Also, a trained neural network doesn’t necessarily spit out hypotheses. When doing an investigation of pharmacological or climate models, one develops sets of differential equations and showcases how a given term is necessary for specific behavior such as oscillations to occur. Sometimes, dynamical outcomes can predict the existence of some unknown chemical factor since other feedbacks may be required for a differential equation to exhibit some global geometric result. So okay, you trained a neural network so it matches the timeseries… does it say that we’re missing some important chemical species? Does it say that a critical transition will occur if the climate enters a new regime (where we have no data)?

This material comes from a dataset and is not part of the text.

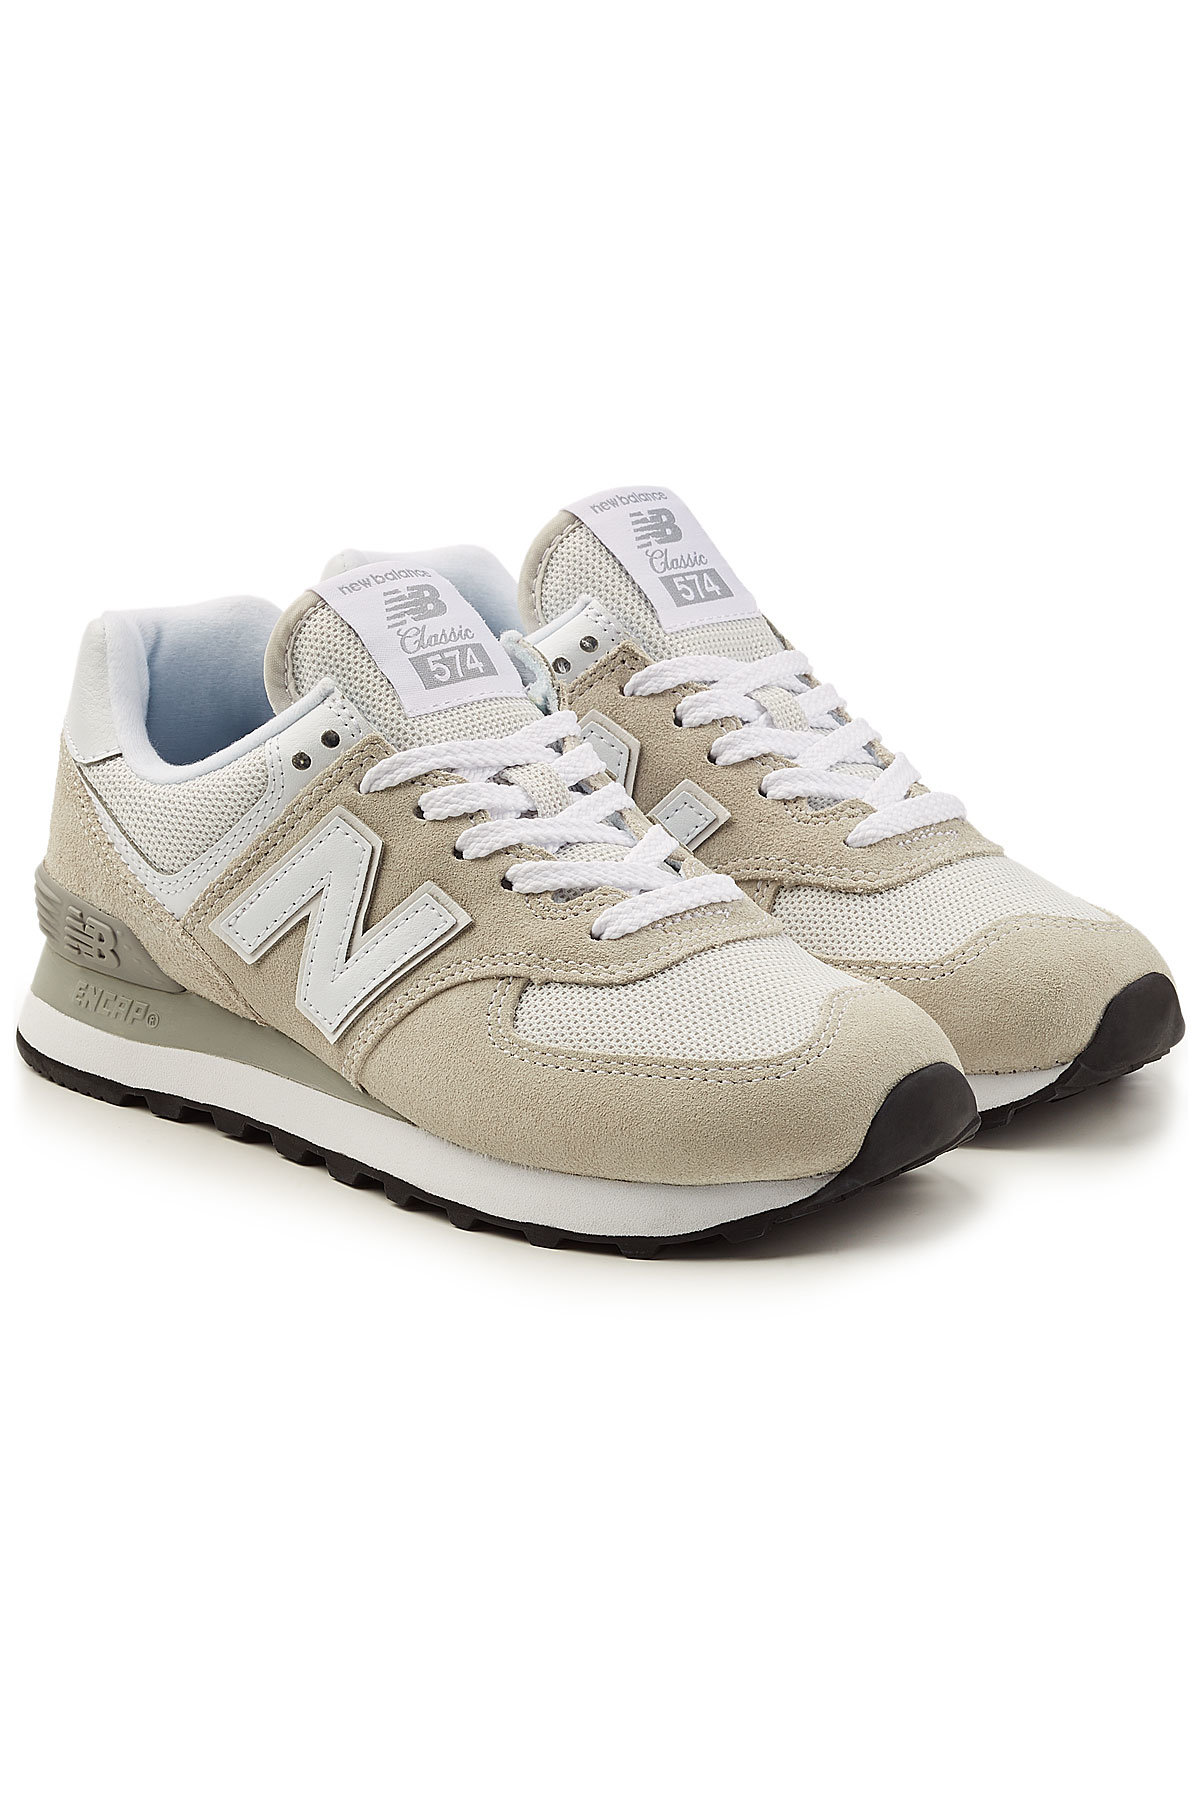 WL574B Sneakers with Suede and Mesh by New Balance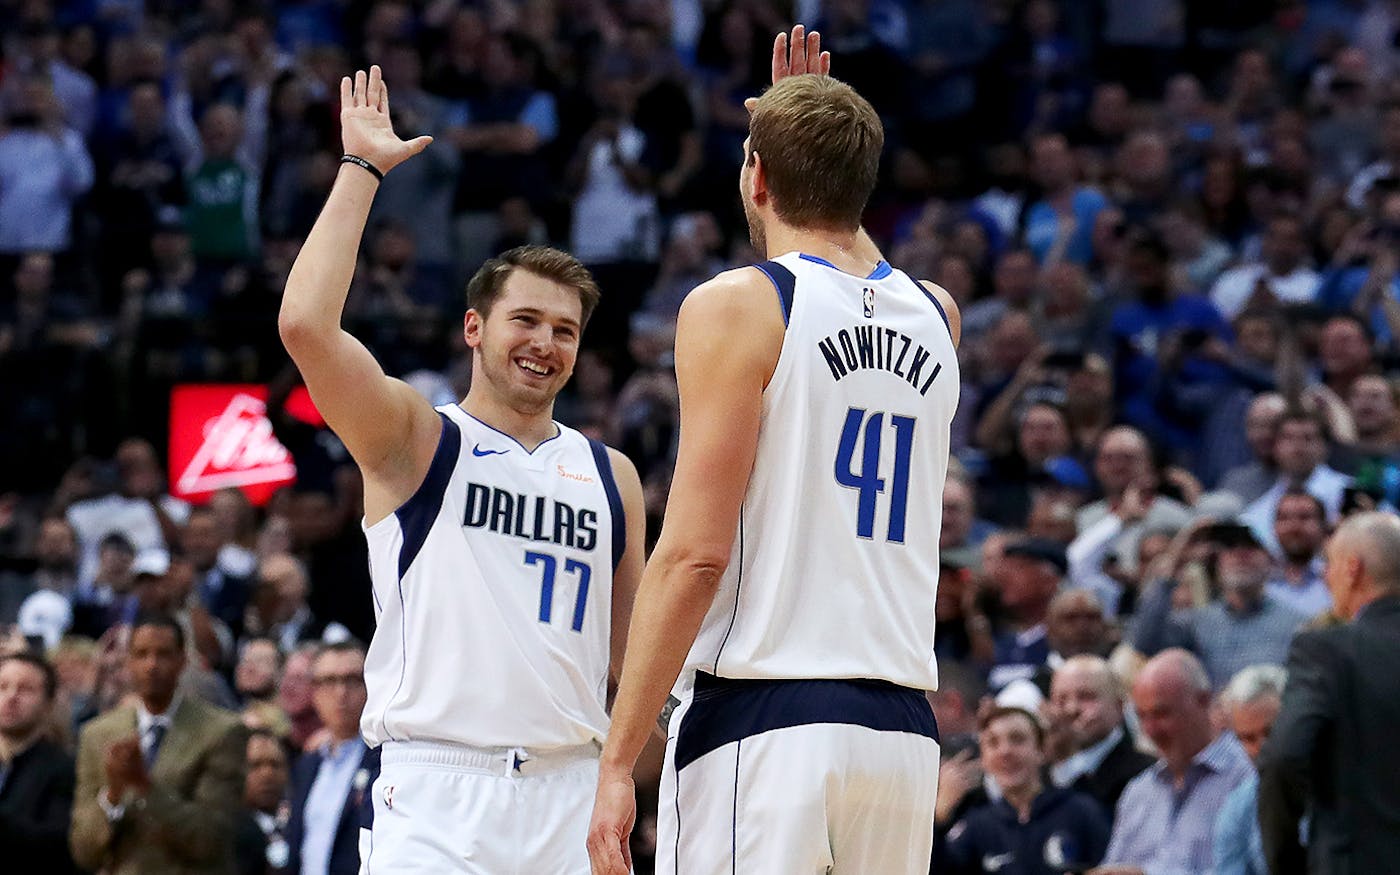 NBA on ESPN on X: Luka Doncic is now tied with Dirk Nowitzki for

For a long time scientific computing has kept machine learning at an arm’s length because its lack of interpretability and structure mean that, despite it’s tremendous predicitve success, it is almost useless for answering these kinds of central scientific questions. While it could be used to great effect in some scenarios, predicting more answers like the data you’ve already seen is not scientifically interesting in many cases. Science requires understanding and extrapolation beyond the familiar. Also, the idea of using a system starting from a random configuration that goes to a local optimum is a little disconcerting. However, a confluence of events is quickly leading to a change of heart. The key has not been “let’s throw a neural network on this since it’s a universal approximator” like some early methods showcased (indeed, this lead to new but very inefficient ways of doing something that people had well-established tools for, so you can understand why the hype died down). Rather, the key has been to re-envision how to utilize a universal approximator into the context of tools and theories that were already being used in scientific computing. My favorite example is this paper which showcases how to solve high dimensional partial differential equations using backwards SDEs which are parameterized by neural networks. While there was some work before under the name latent differential equations, the 2018 NeurIPS best paper on neural ordinary differential equations really sparked a surge in thinking about directly learning differential equations, or pieces of differential equations. While the neural network itself may not be interpretable, if it learns a differential equation and differential equations have an interpretation, then it would seem that we have a machine-learning generated scientific hypothesis.

So, this is where the trend has taken us. Neural networks are being used in the context of ordinary and partial differential equations, and these are being mixed with probabilistic programming approaches to quantify uncertainties and are being slammed into toolchains which require differentiable programming to generate the gradients, and…

As you can see, tooling is getting complicated. And tooling is what needs to be discussed.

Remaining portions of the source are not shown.